Q: How does electronic configuration relate to the concept of quantum numbers?
A:
Electronic configuration is directly related to quantum numbers, which describe the energy, angular momentum, magnetic moment, and spin of electrons in an atom. The arrangement of electrons in various orbitals is determined by these quantum numbers, following specific rules and principles.
Q: Why do some elements have anomalous electronic configurations, and what are the implications?
A:
Some elements have anomalous configurations due to the increased stability of half-filled or fully filled subshells. This can lead to unexpected chemical properties and reactivity, as seen in elements like copper and chromium, which have one electron in their outermost s-orbital instead of two.
Q: What is the connection between electronic configuration and an element's melting and boiling points?
A:
Electronic configuration influences melting and boiling points by determining the strength of interatomic forces. Elements with more valence electrons or stronger metallic bonds (due to delocalized electrons) tend to have higher melting and boiling points.
Q: How does electronic configuration relate to the concept of electronegativity?
A:
Electronic configuration relates to electronegativity by determining an atom's ability to attract shared electrons. Elements with nearly full valence shells and small atomic radii tend to have high electronegativity due to their strong attraction for electrons.
Q: Why do some elements violate the Aufbau principle in their ground state electronic configuration?
A:
Some elements violate the Aufbau principle due to the extra stability gained from having half-filled or fully filled subshells, particularly in d and f orbitals. This can lead to unexpected electron arrangements that are more energetically favorable.

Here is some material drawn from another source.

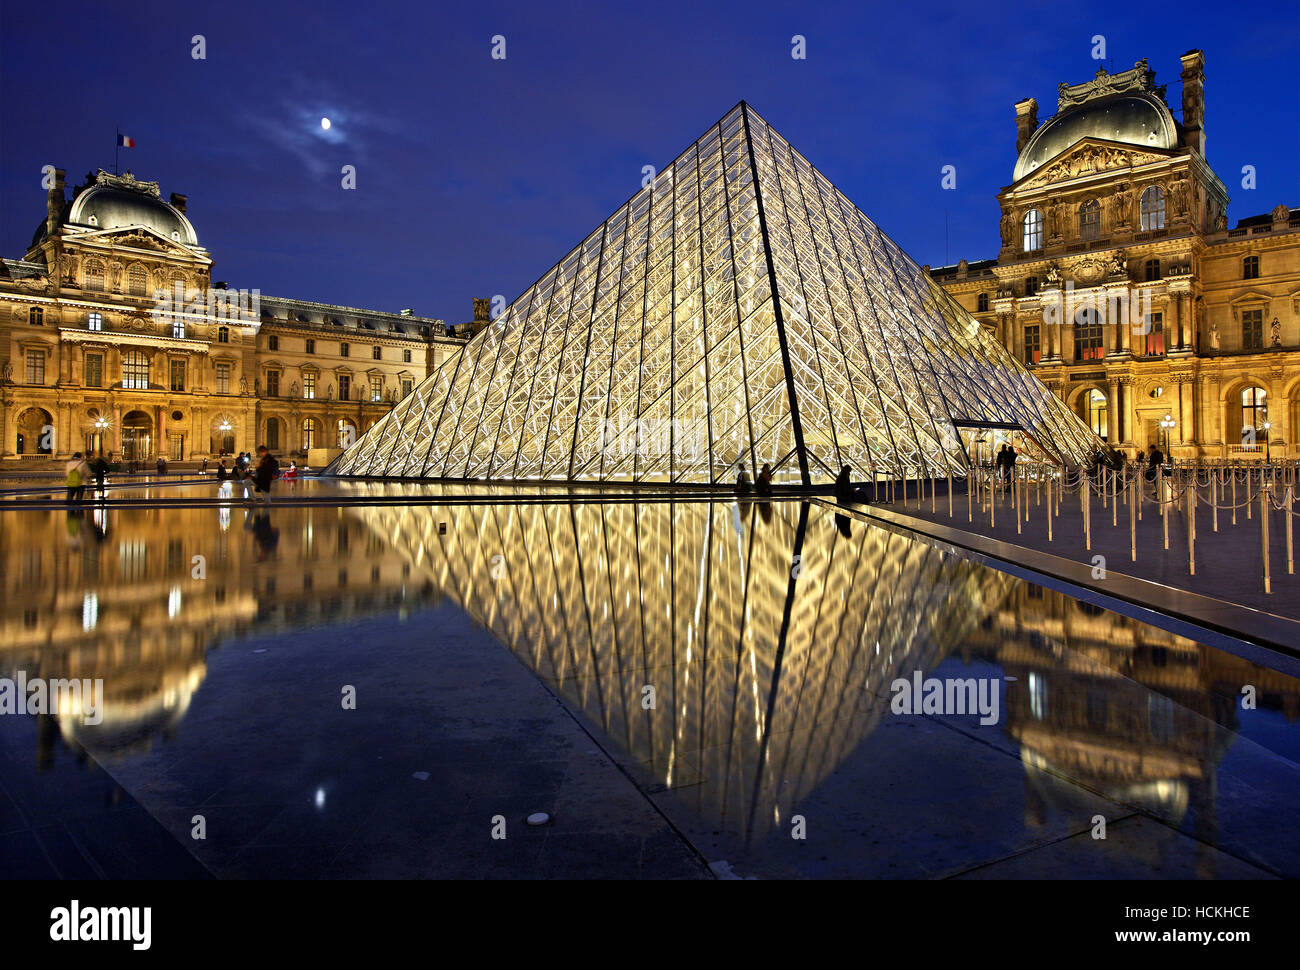 The glass pyramid (architect: I.M. Pei) of Louvre museum (Musée du Louvre), Paris, France. Stock Photo

Q: How does electronic configuration explain the formation of molecular orbitals?
A:
Electronic configuration forms the basis for molecular orbital theory. When atoms combine, their atomic orbitals overlap to form molecular orbitals. The number and type of orbitals involved depend on the electronic configurations of the combining atoms.
Q: What is the significance of the noble gas core in writing electronic configurations?
A:
The noble gas core notation simplifies writing electronic configurations by using the symbol of the previous noble gas in brackets, followed by the remaining electron configuration. This shorthand emphasizes the valence electrons, which are most important for chemical behavior.
Q: Why do some elements form multiple bonds, and how is this related to their electronic configuration?
A:
Some elements form multiple bonds due to their electronic configuration allowing for the sharing of more than one pair of electrons. This is common in elements like carbon, nitrogen, and oxygen, which can form double or triple bonds to achieve stable octet configurations.
Q: How does electronic configuration explain the diamagnetic or paramagnetic nature of elements?
A:
Electronic configuration determines whether an element is diamagnetic or paramagnetic based on the presence of unpaired electrons. Atoms with all paired electrons are diamagnetic, while those with unpaired electrons are paramagnetic due to their magnetic moments.
Q: What is the relationship between electronic configuration and the formation of ionic compounds?
A:
Electronic configuration guides ionic compound formation by showing how atoms can gain or lose electrons to achieve stable noble gas configurations. Metals tend to lose electrons to form cations, while non-metals gain electrons to form anions, based on their valence electron arrangements.